Set down again exactly the lines of the listing below that fall between the line holding "MARSHALL 1005924 - Lautsprecher, Bluetooth, portabel, Tufton" and the line holding "FrezyDerm Crilen Anti-Mosquito", inclusive.

*** EXTRACTED DATA

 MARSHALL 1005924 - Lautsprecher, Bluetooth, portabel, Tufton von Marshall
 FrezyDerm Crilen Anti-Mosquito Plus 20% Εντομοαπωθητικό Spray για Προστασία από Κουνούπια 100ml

******
*** EXTRACTED DATA

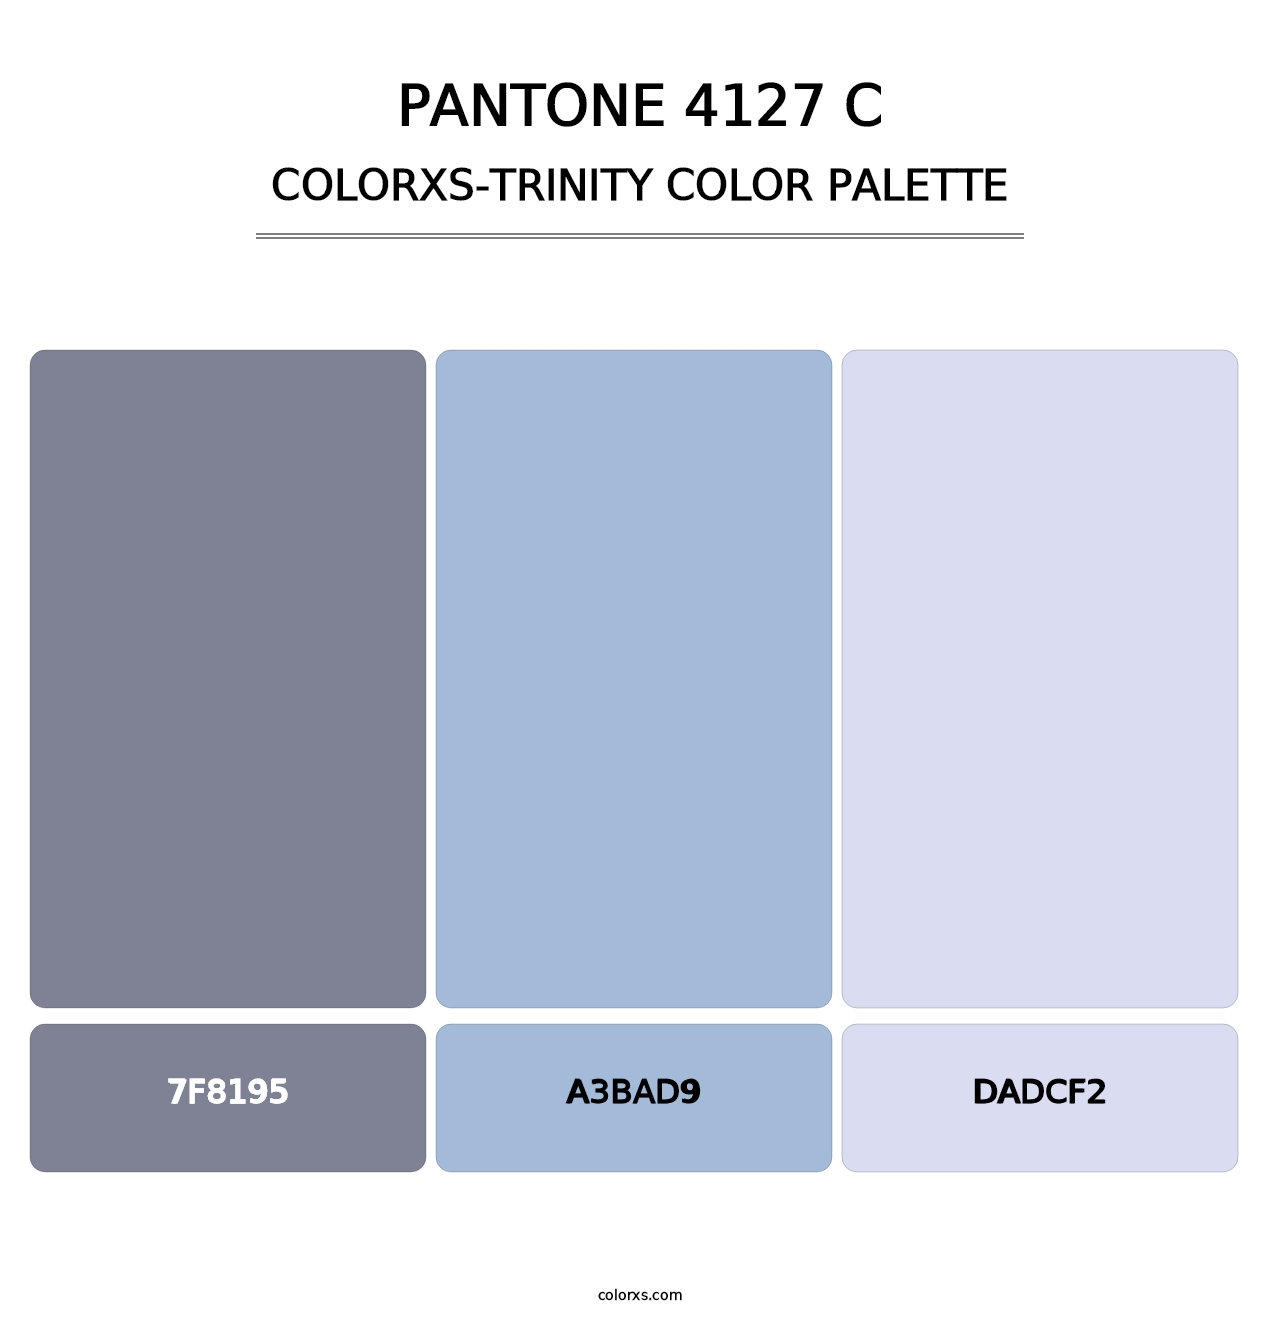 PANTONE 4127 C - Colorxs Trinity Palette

******
*** EXTRACTED DATA

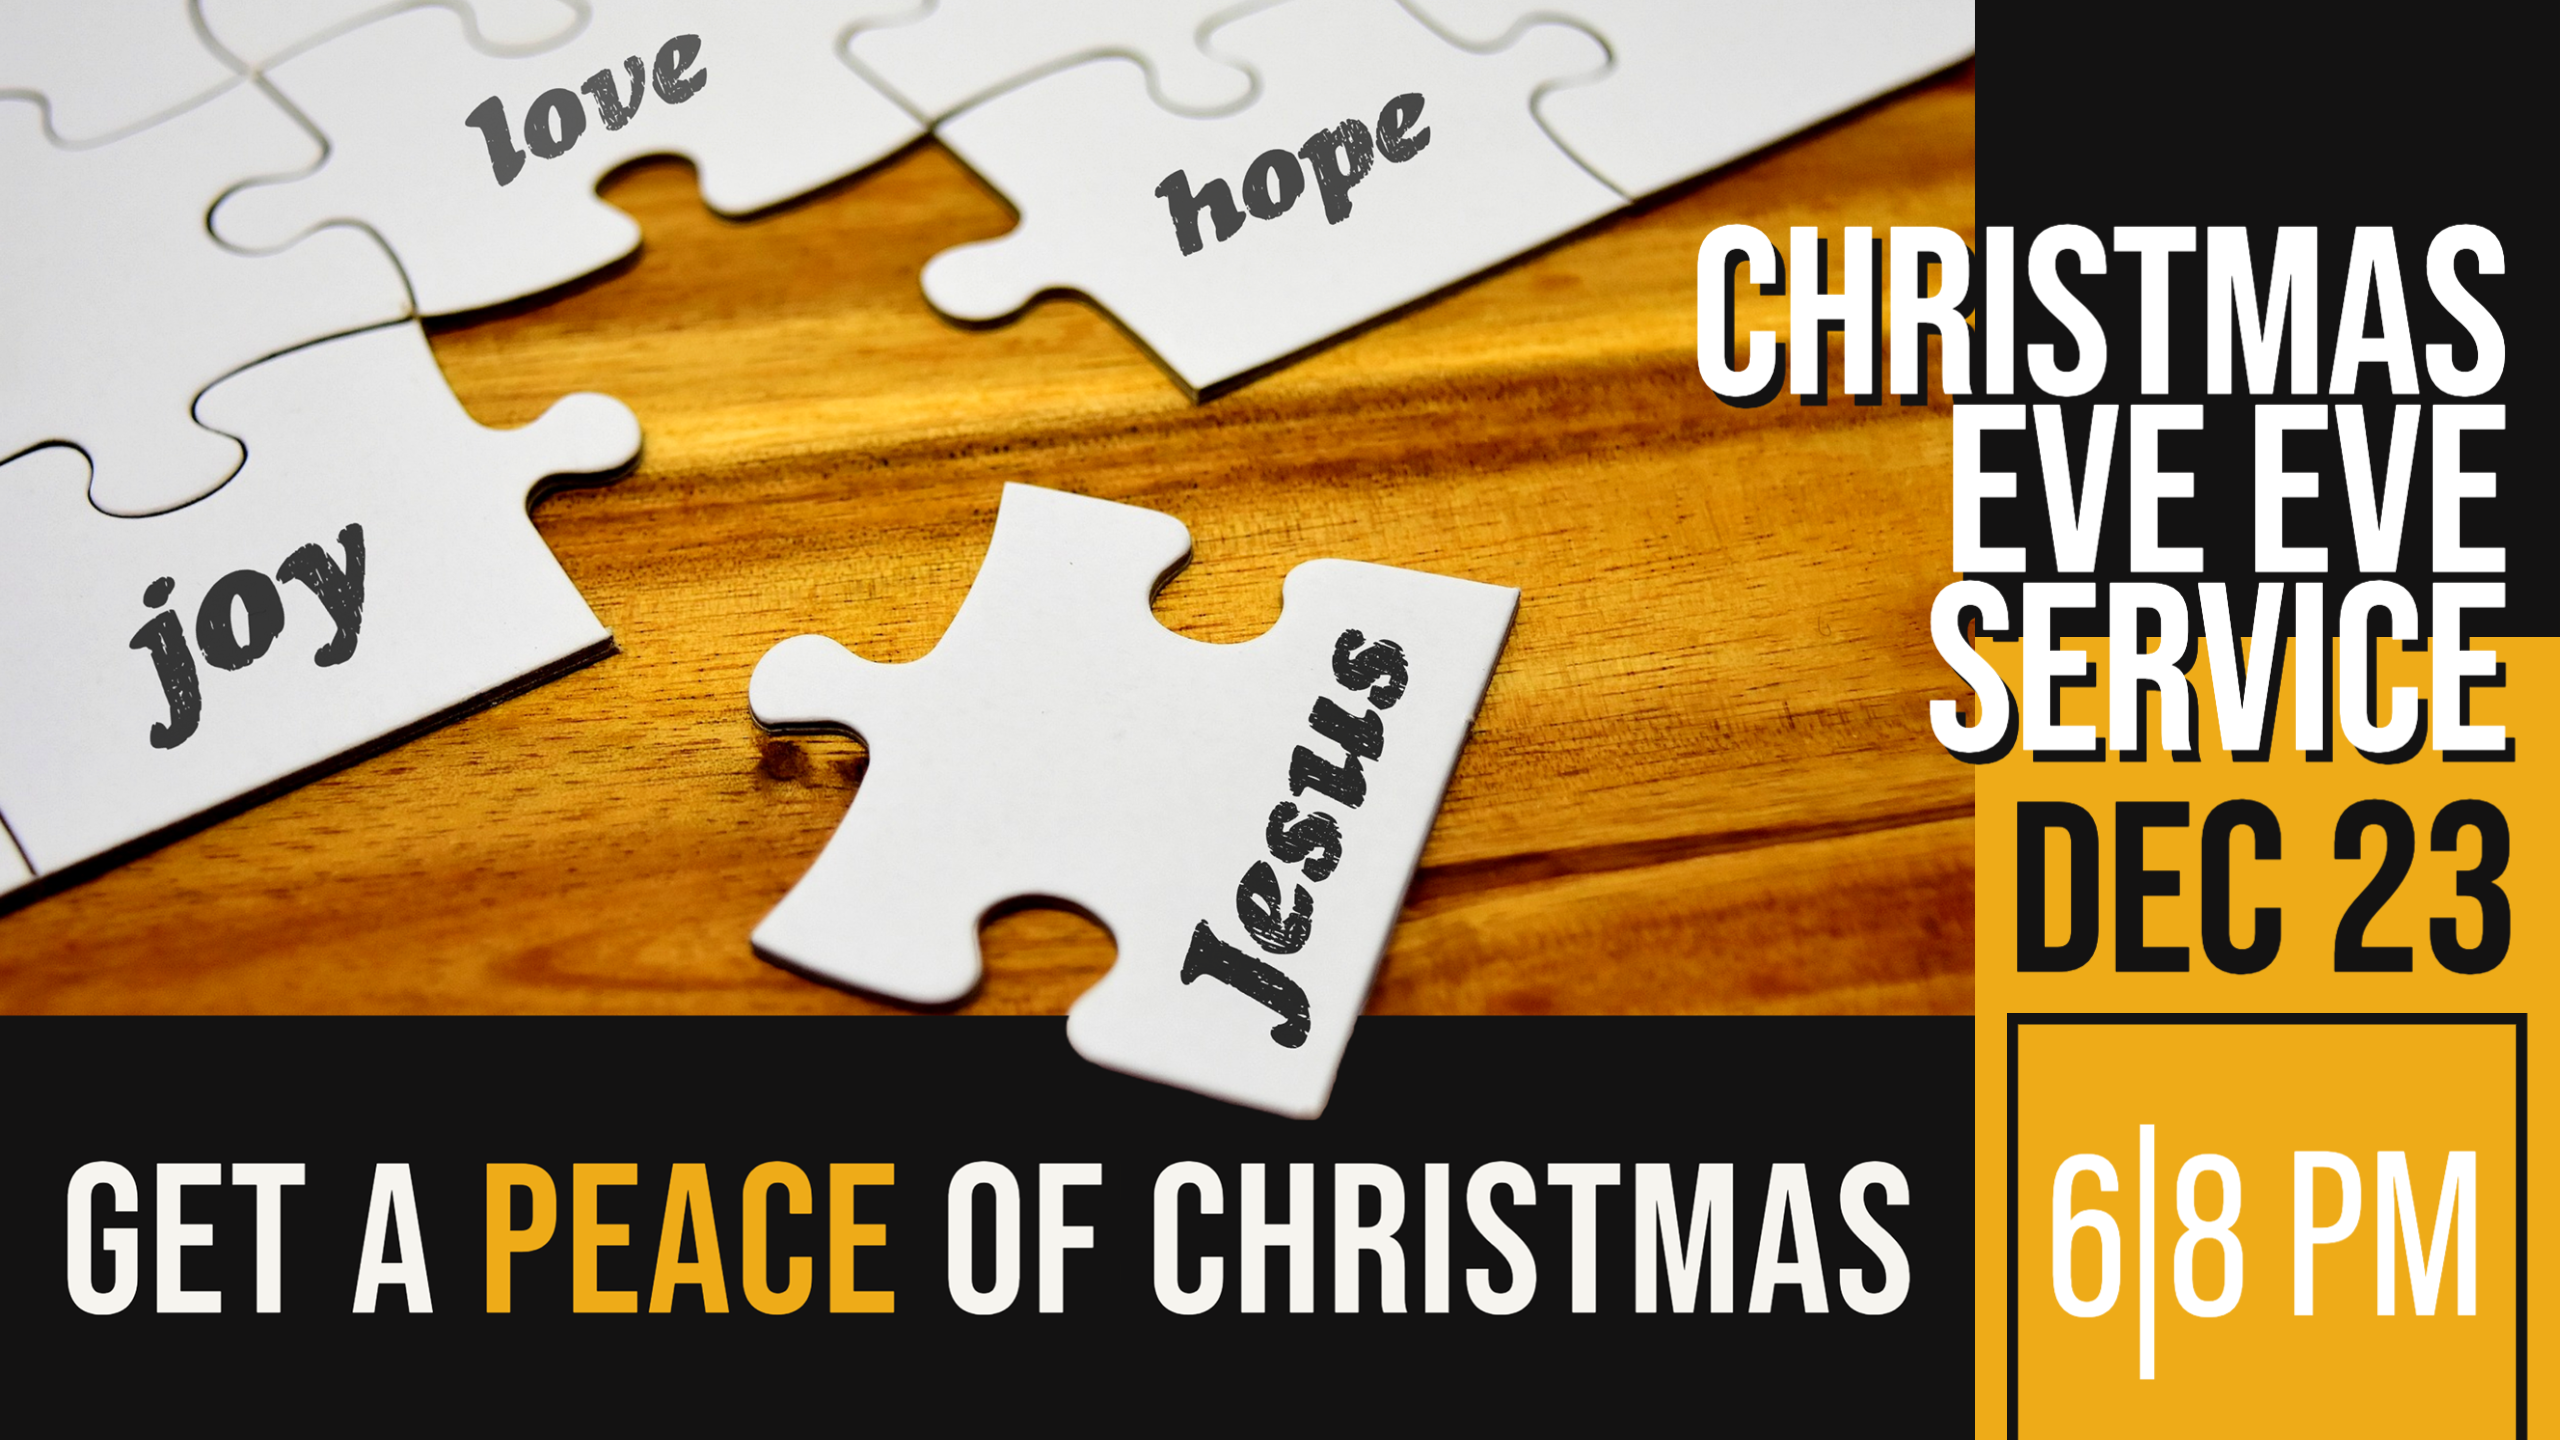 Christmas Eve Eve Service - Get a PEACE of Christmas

******

SOLUTION TO THE PROBLEM ▸
 MARSHALL 1005924 - Lautsprecher, Bluetooth, portabel, Tufton von Marshall
 FrezyDerm Crilen Anti-Mosquito Plus 20% Εντομοαπωθητικό Spray για Προστασία από Κουνούπια 100ml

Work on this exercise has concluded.